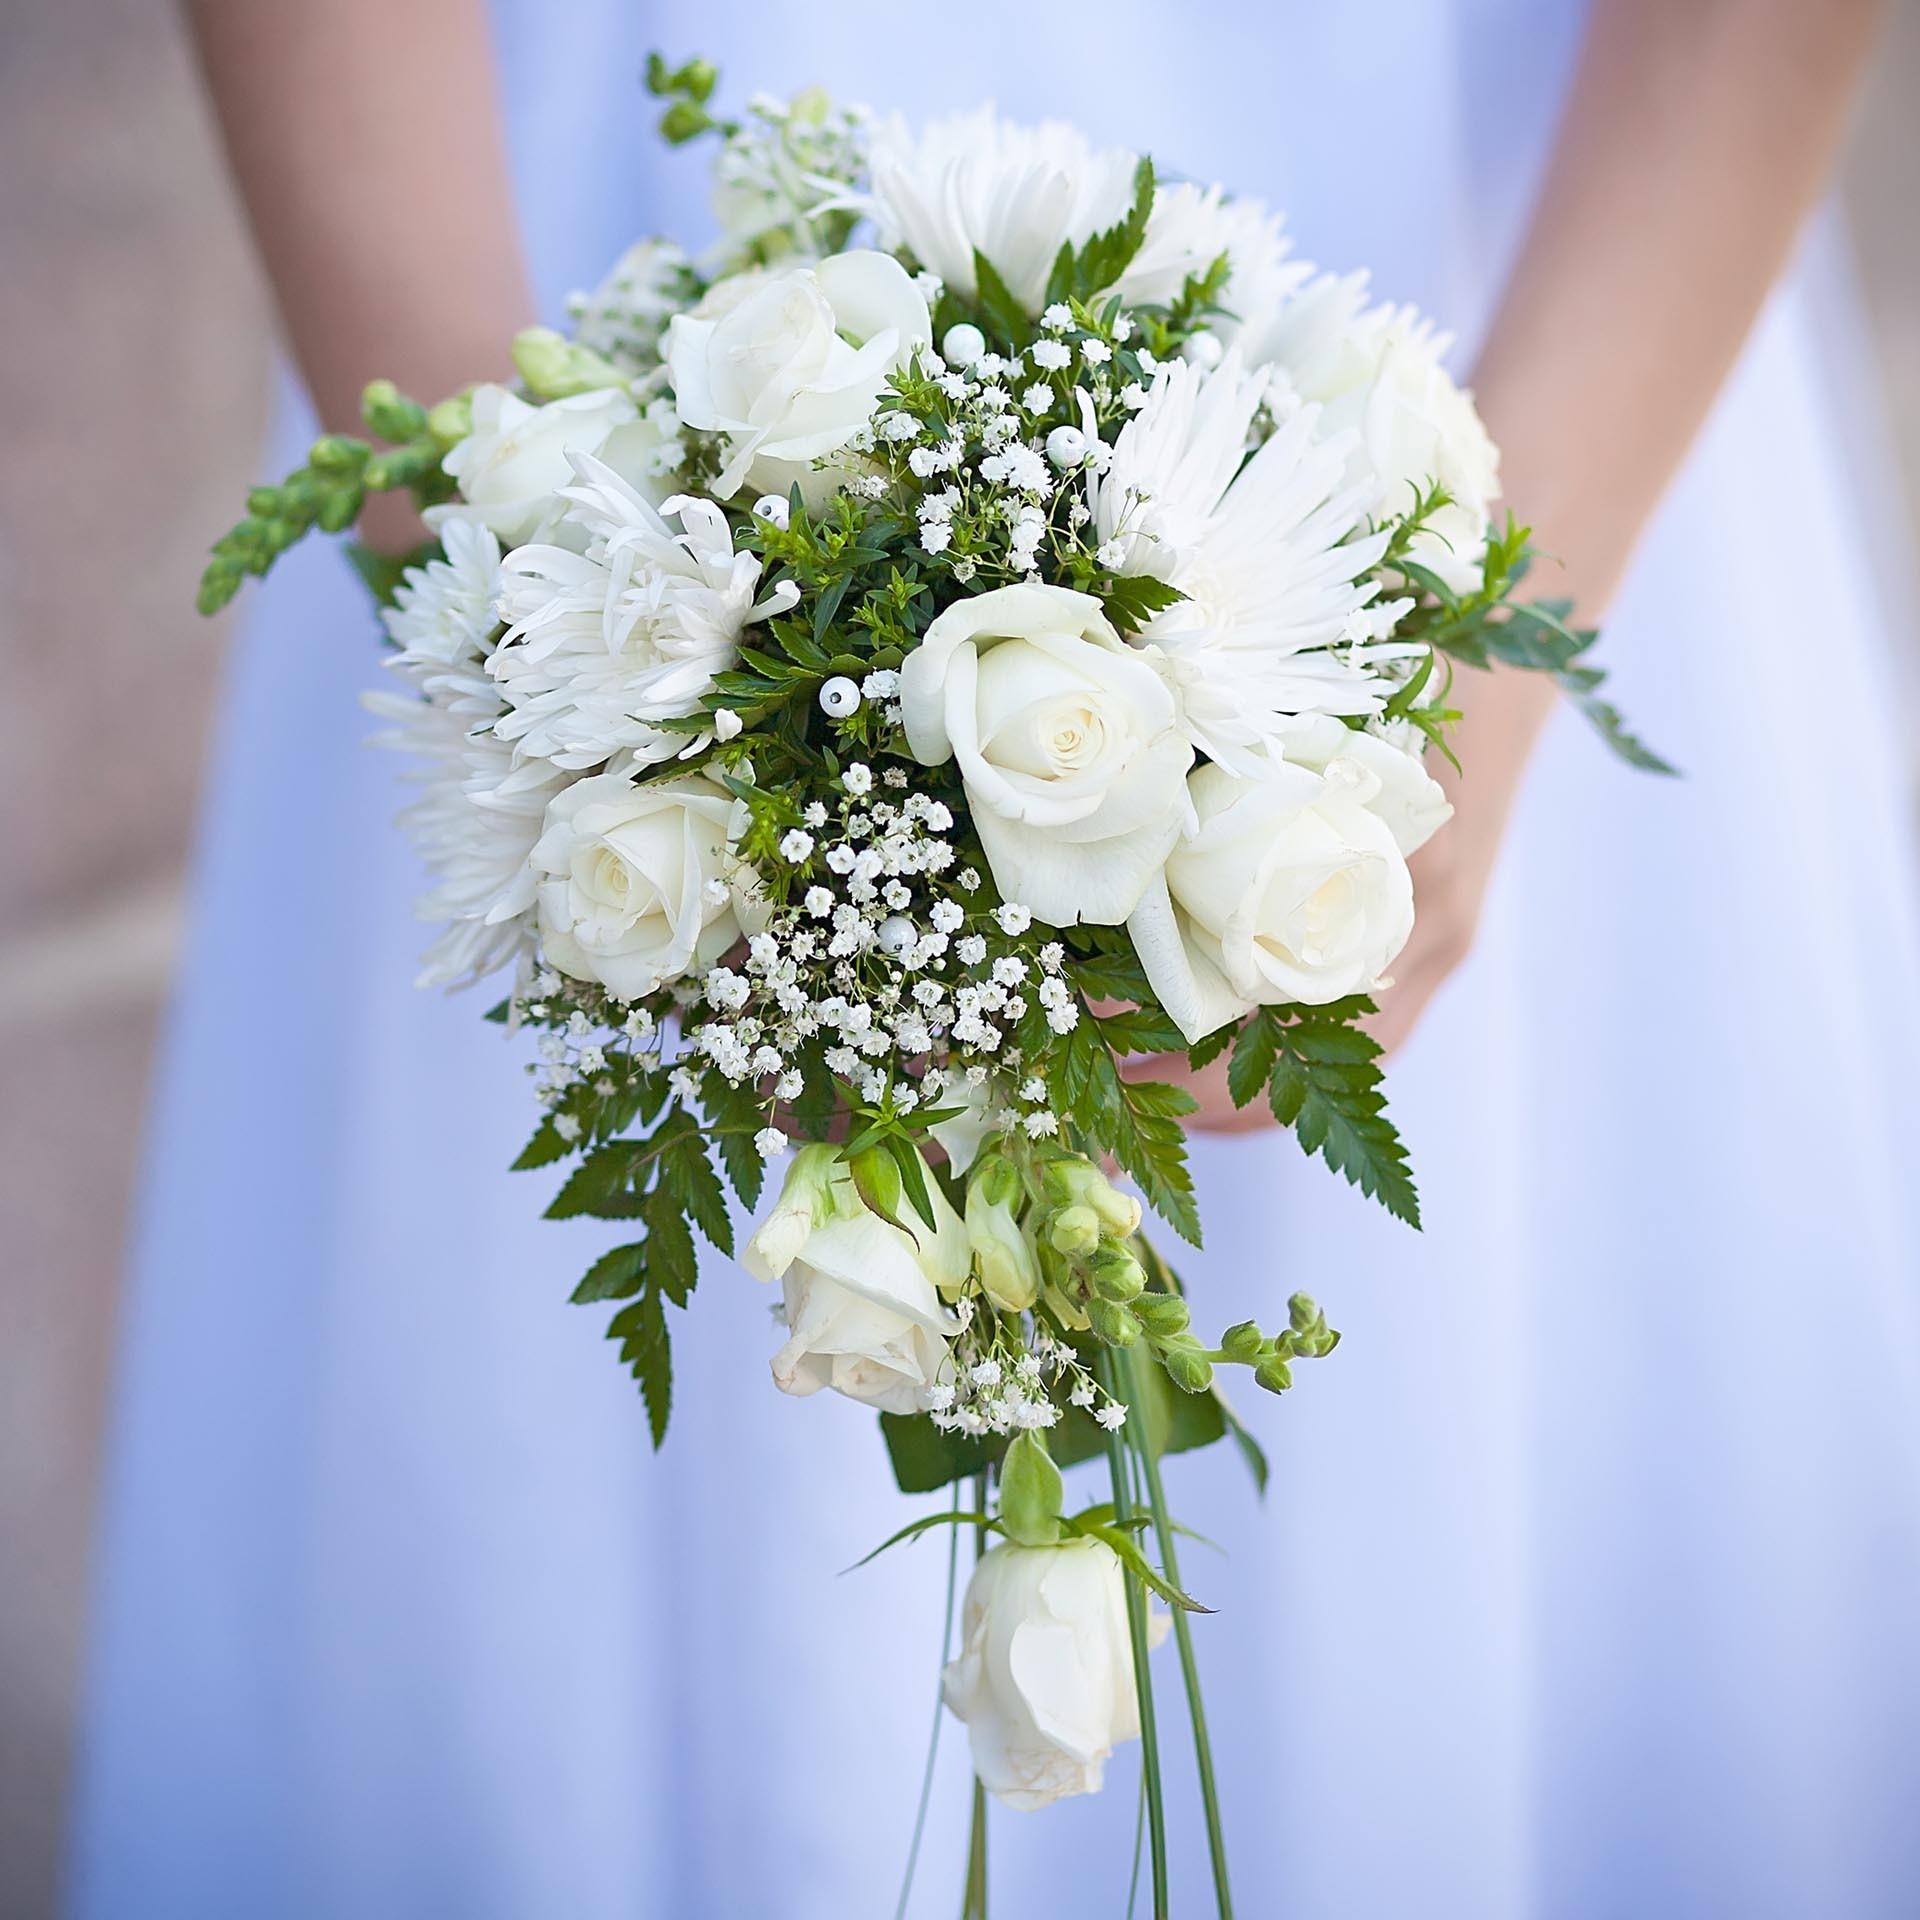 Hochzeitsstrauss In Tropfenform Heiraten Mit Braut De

==============================

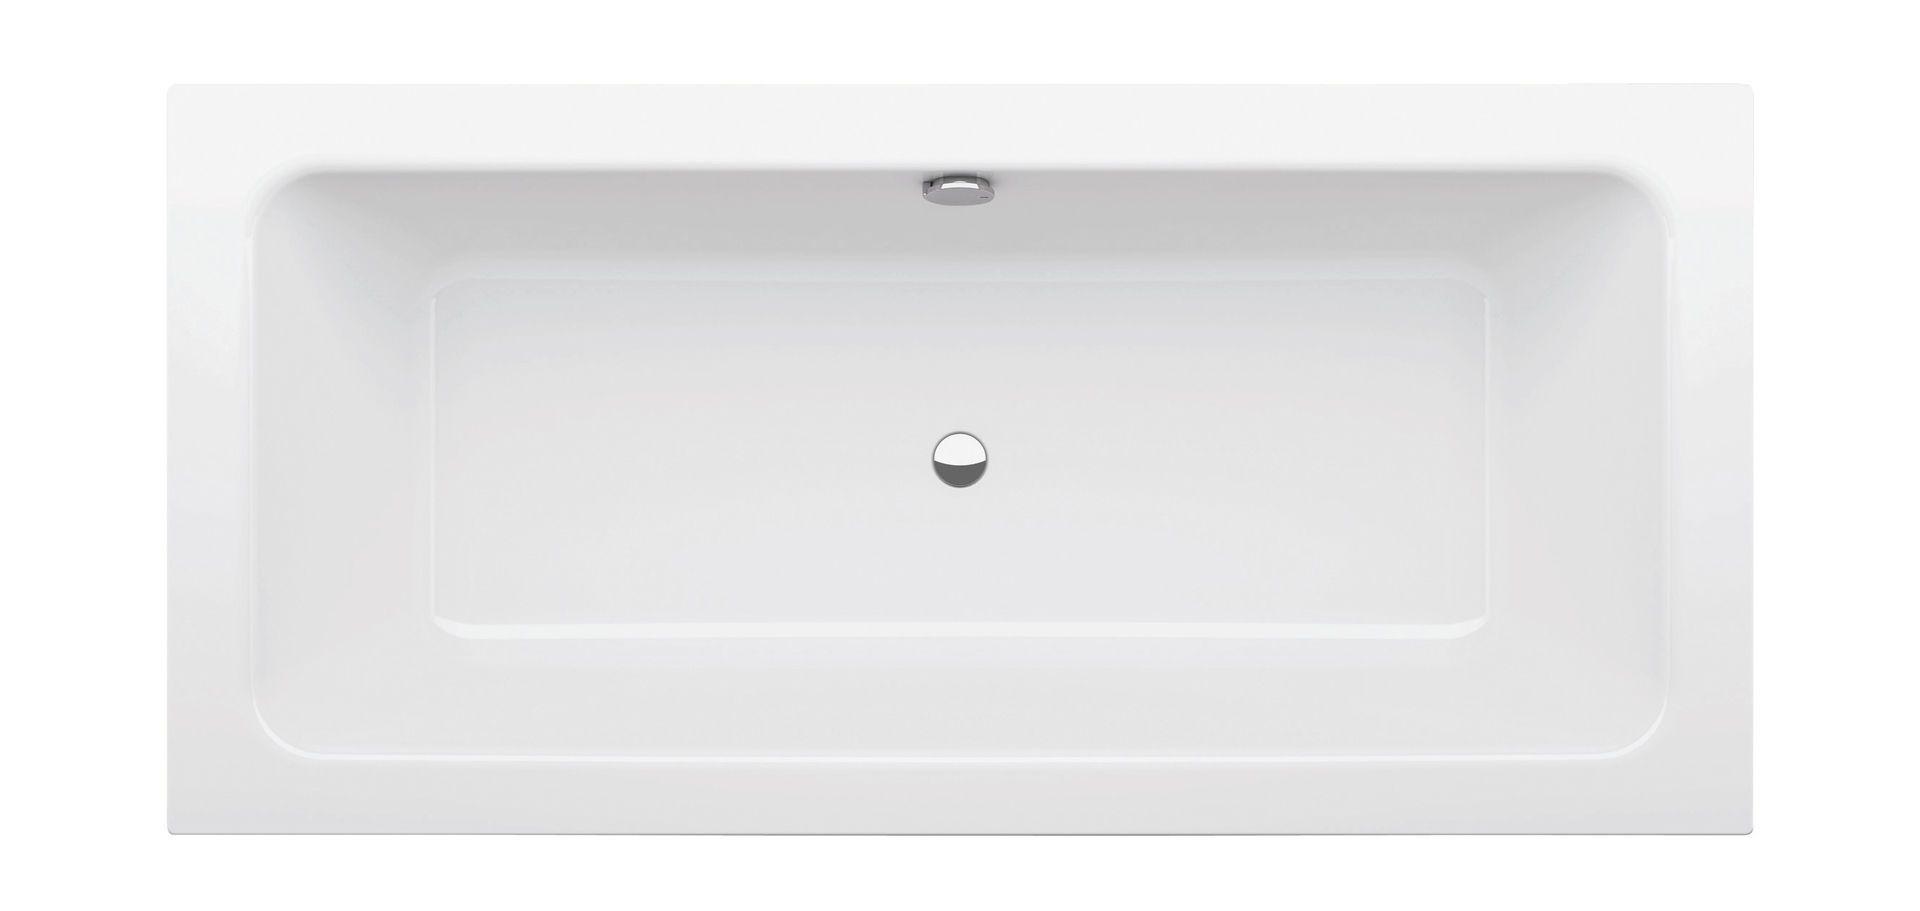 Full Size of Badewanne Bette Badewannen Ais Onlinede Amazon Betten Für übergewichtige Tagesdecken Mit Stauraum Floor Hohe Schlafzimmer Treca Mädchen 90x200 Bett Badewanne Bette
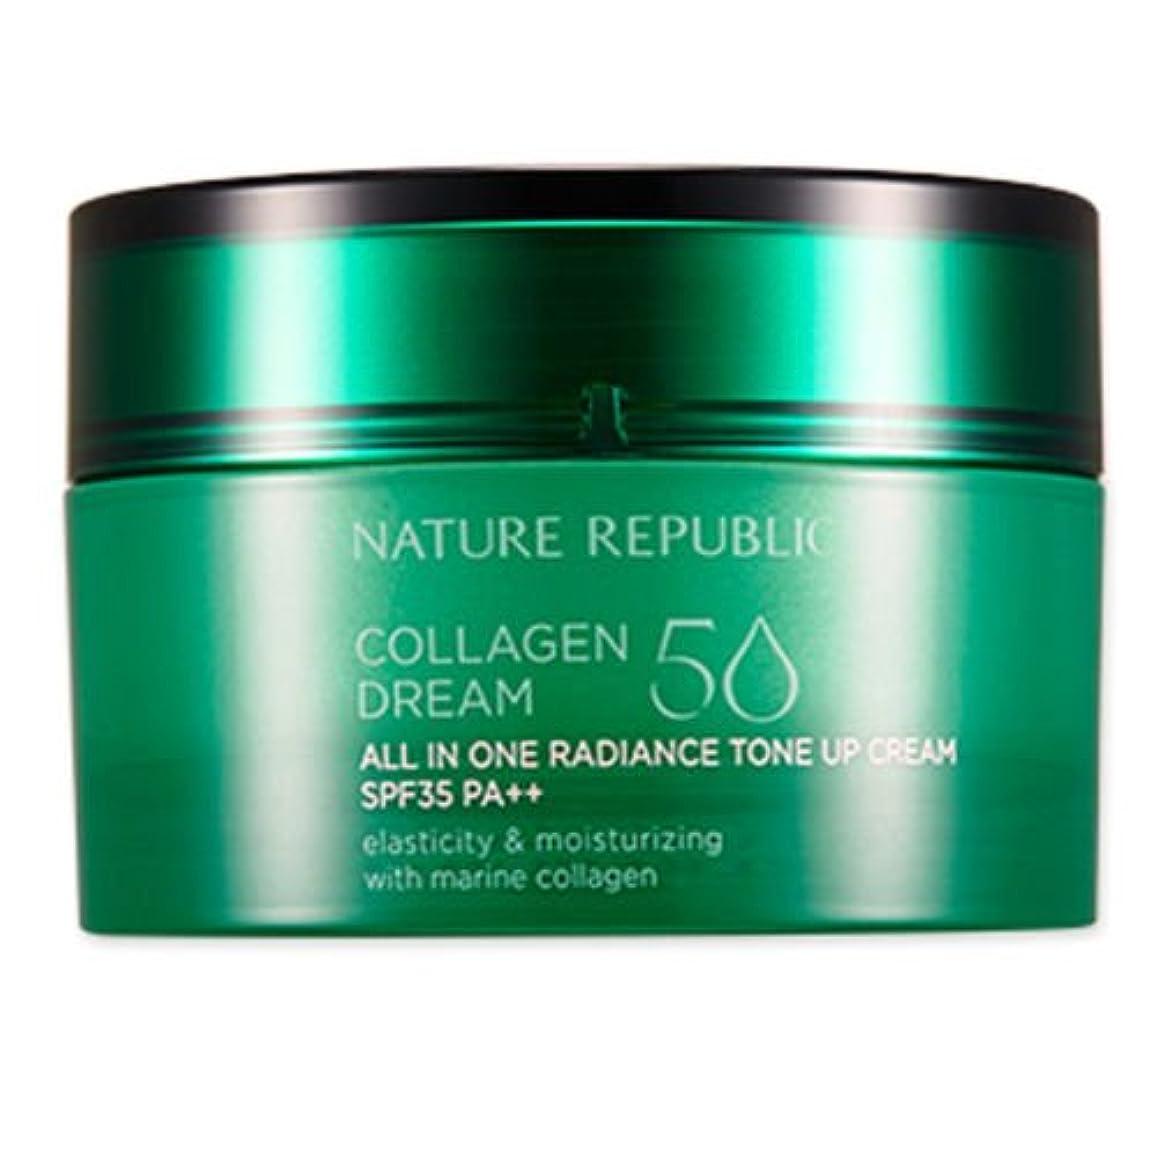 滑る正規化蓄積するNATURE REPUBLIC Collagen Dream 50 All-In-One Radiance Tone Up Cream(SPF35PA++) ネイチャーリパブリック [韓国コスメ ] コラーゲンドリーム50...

==============================

#### Exercise description
Write down exactly what the lines above say, from the line holding "Full Size of" through the line holding "滑る正規化蓄積するNATURE REPUBLIC Collagen", and nothing more. Do not copy the pictures.

#### Answer to the exercise
 Full Size of Badewanne Bette Badewannen Ais Onlinede Amazon Betten Für übergewichtige Tagesdecken Mit Stauraum Floor Hohe Schlafzimmer Treca Mädchen 90x200 Bett Badewanne Bette
 滑る正規化蓄積するNATURE REPUBLIC Collagen Dream 50 All-In-One Radiance Tone Up Cream(SPF35PA++) ネイチャーリパブリック [韓国コスメ ] コラーゲンドリーム50...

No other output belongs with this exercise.